The capacitance of a parallel plate capacitor having plate area $A$ and separation $2d$ with dielectrics inserted as shown in figure is

• A. $\frac{3k{ϵ}_{0}A}{2d}$
• B. $\frac{5k{ϵ}_{0}A}{12d}$
• C. $\frac{k{ϵ}_{0}A}{d}$
• D. $\frac{7k{ϵ}_{0}A}{12d}$

Answer 1

The correct option is D $\frac{7k{ϵ}_{0}A}{12d}$

From the given diagram, we can see that the top two dielectrics constitute two capacitors in series $(C_1$ and $C_2$) which are in parallel with the lower one $\left(C_3\right)$.

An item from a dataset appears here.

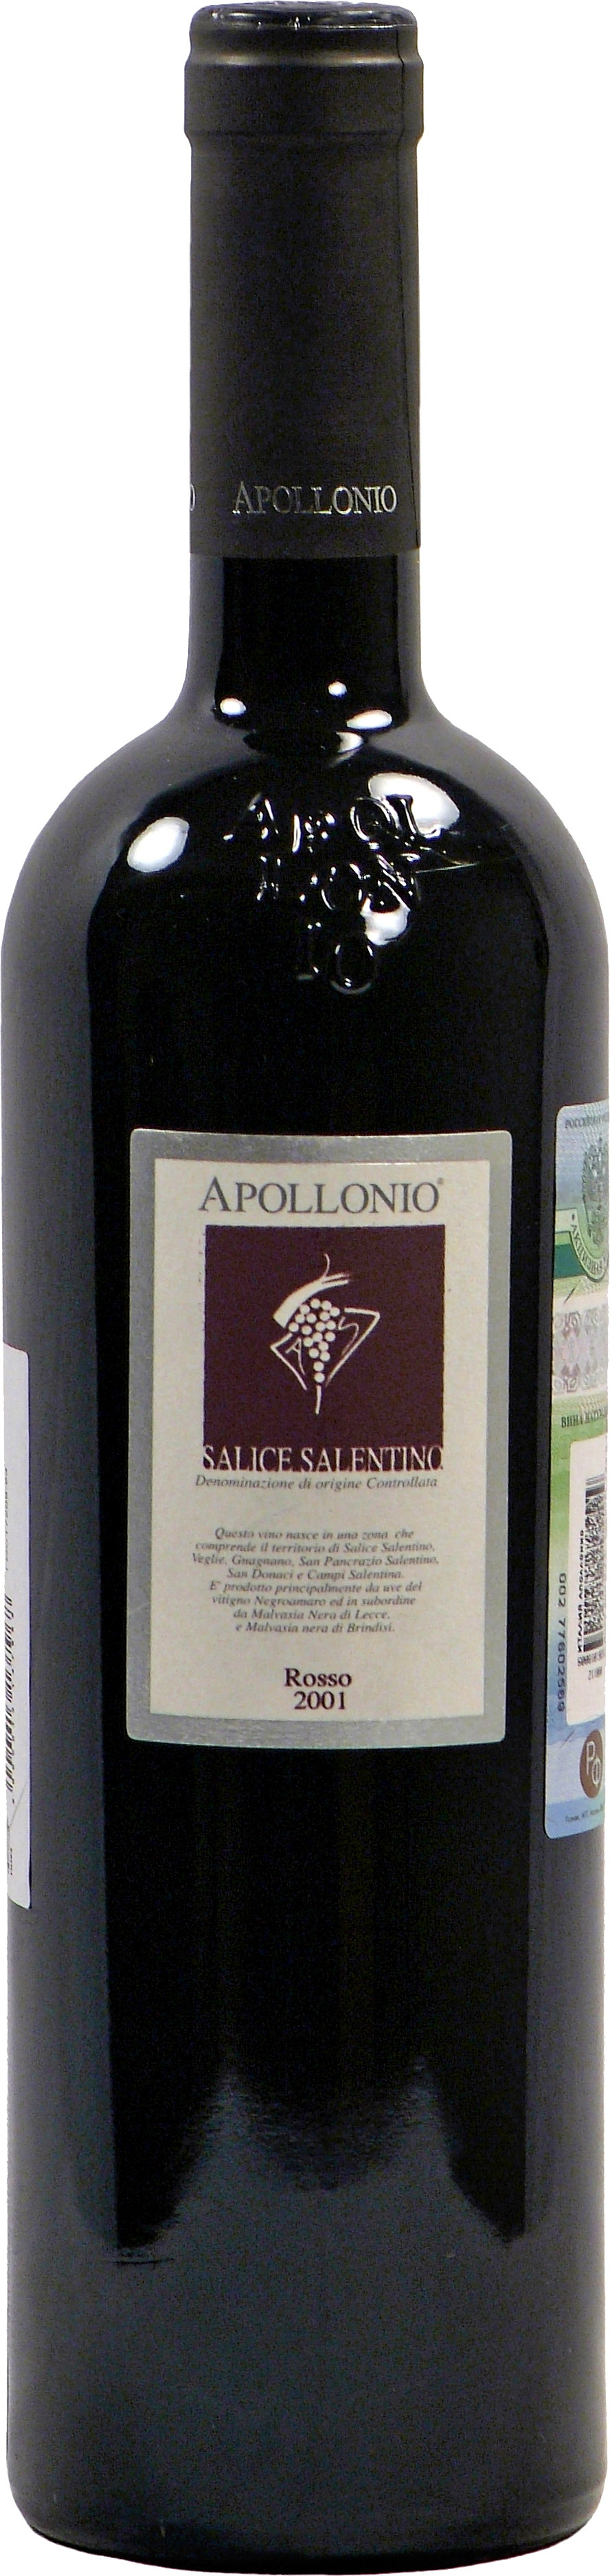 Аполлонио Саличе Салентино 2004 DOC - 0,75 л

So, redraw the circuits in reduce form


Let $\frac{k{ϵ}_{0}A}{d}=C\left(\text{say}\right)$

Now, the capacitance of each term will be

$C_1=\frac{k{ϵ}_0\left(A/2\right)}{d}=\frac{k{ϵ}_{0}A}{2d}=\frac{C}{2}$

$C_2=\frac{2k{ϵ}_0\left(A/2\right)}{d}=\frac{k{ϵ}_{0}A}{d}=C$

$C_1$ and $C_2$ are in series. Their equivalent is given by

$C_{series}=\frac{C_1{C}_2}{C_1+C_2}=\frac{\frac{C}{2}\times C}{\frac{C}{2}+C}=\frac{C}{3}$

Now, $C_3=\frac{k{ϵ}_0\left(A/2\right)}{2d}=\frac{k{ϵ}_{0}A}{4d}=\frac{C}{4}$

So, the equivalent capacitance of the whole circuit is,

$C_{eq}=C_{series}+C_3=\frac{C}{3}+\frac{C}{4}=\frac{7C}{12}$

$\therefore C_{eq}=\frac{7k{ϵ}_{0}A}{12d}$

Hence, option $\left(c\right)$ is correct.